I hope someone can help me regarding source/version control for Talend Open Studio (Integration and/or Big Data).  I am aware that the enterprise version of Talend has an integration with SVN, but this is not an option for me since I am working for a start up company with no money to spend. 
My requirement: I need to put my jobs under version control, preferably using Mercurial (hg). 
Background: My company is a "java-shop" and the other developers are using java, spring, maven, jenkins, nexus ++. The "java way" of doing things. My background is in data warehousing, and I have worked a lot with ETL tools such as SAP BODS, Informatica and SSIS. I have used TOS "on the side" for test-projects. I am the only one with this skill-set, and I need to convince my coworkers that using an ETL tool is a good choice for data integration and processing tasks. Smiley Happy For now I am building "Standalone Jobs" from Talend and scheduling these using Jenkins as a scheduling tool. 
I have spent a lot of time in the forum searching for information on this, and my "Google skills" are also quite good. I find a few topics that mentions git, and I have read some blogs, but most of them involves putting the whole Talend project folder, or some subset of it () under version control. 
To the point:

Would it be enough to only "export items" and put these under source control? Avoiding all the generated java-code.
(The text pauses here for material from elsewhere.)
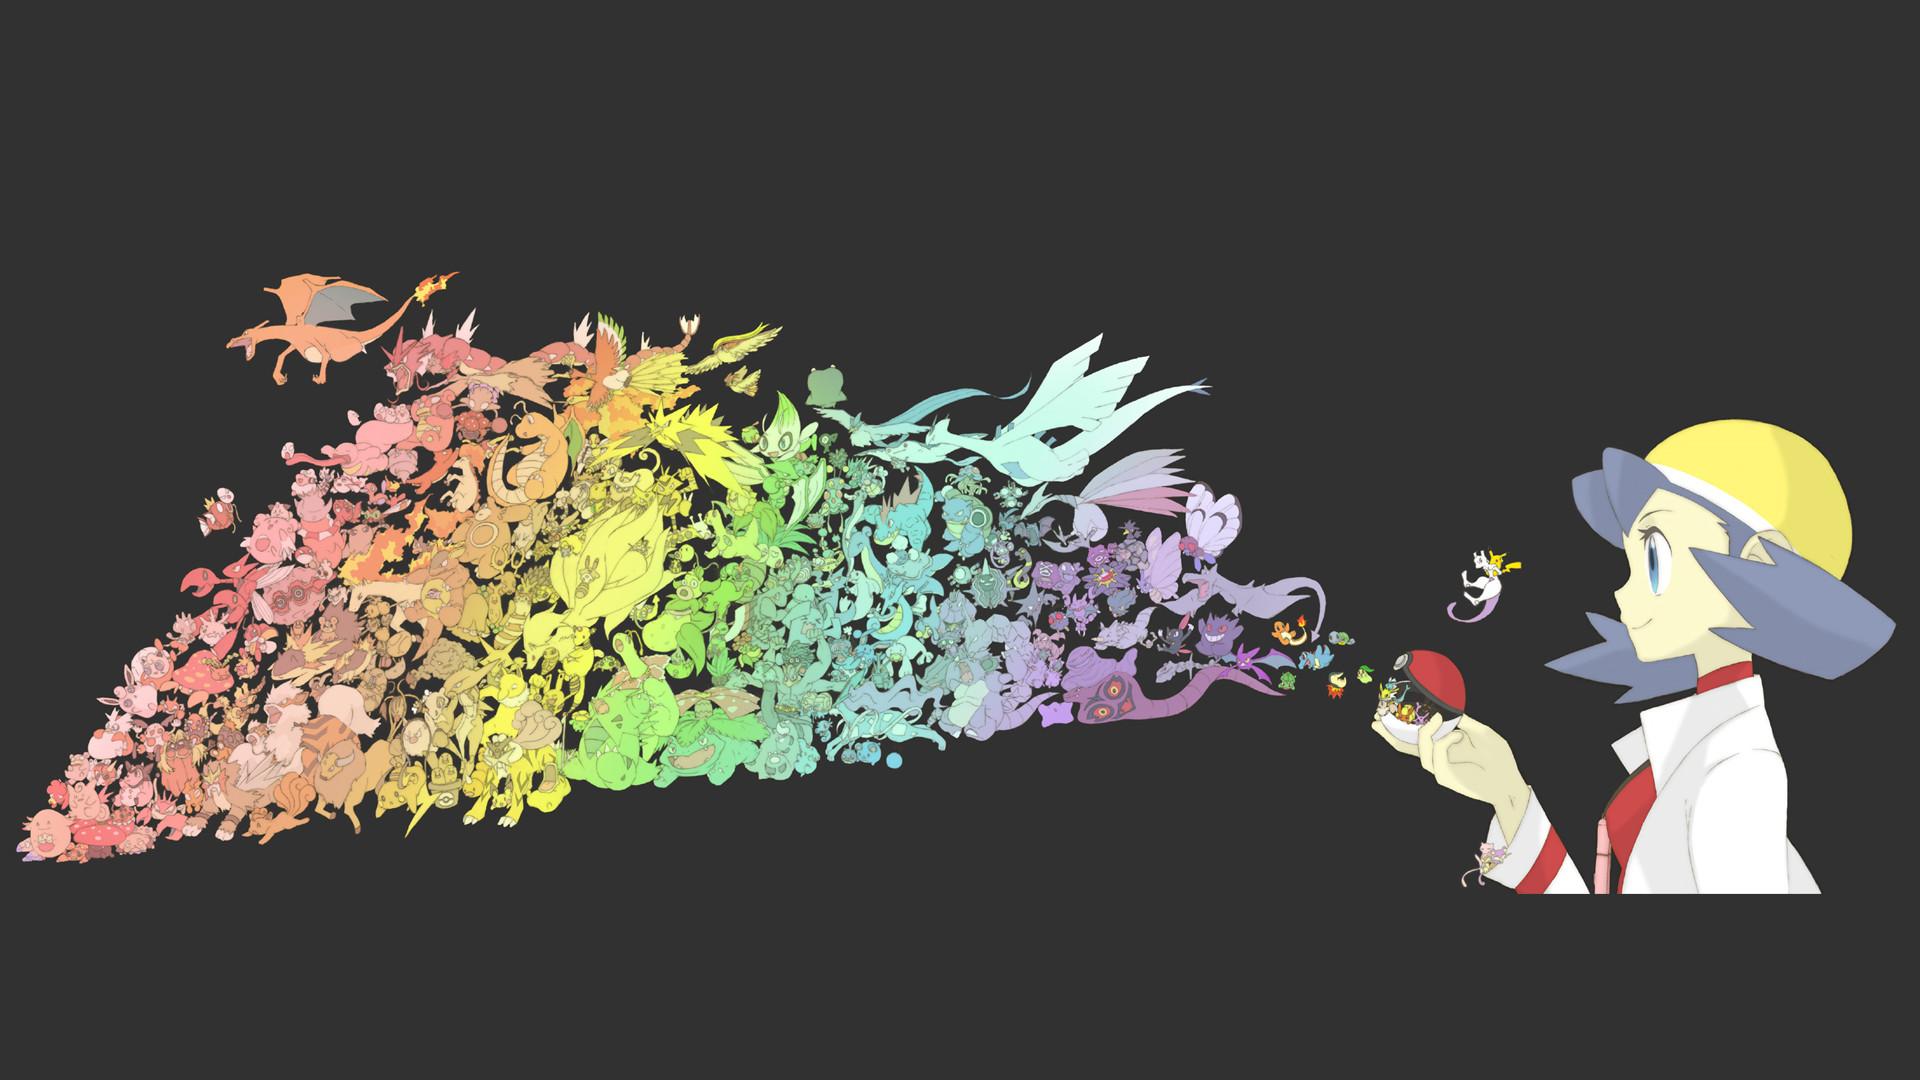 Pokemon Wallpaper 1920x1080 63 Images

It will require a good workflow of course and depends on the developer to export the correct items every time. But for the goal of versioning code only?
Any other success stories with TOS and version control? How have you done it?


Re: TOS Data Integration version control

Hi Thomas,
So far, talend provides community user with a free trial of Talend Enterprise for Data Integration.
You can download it freely from Talend Official Website:
Best regards
Don't forget to give kudos when a reply is helpful and click Accept the solution when you think you're good with it.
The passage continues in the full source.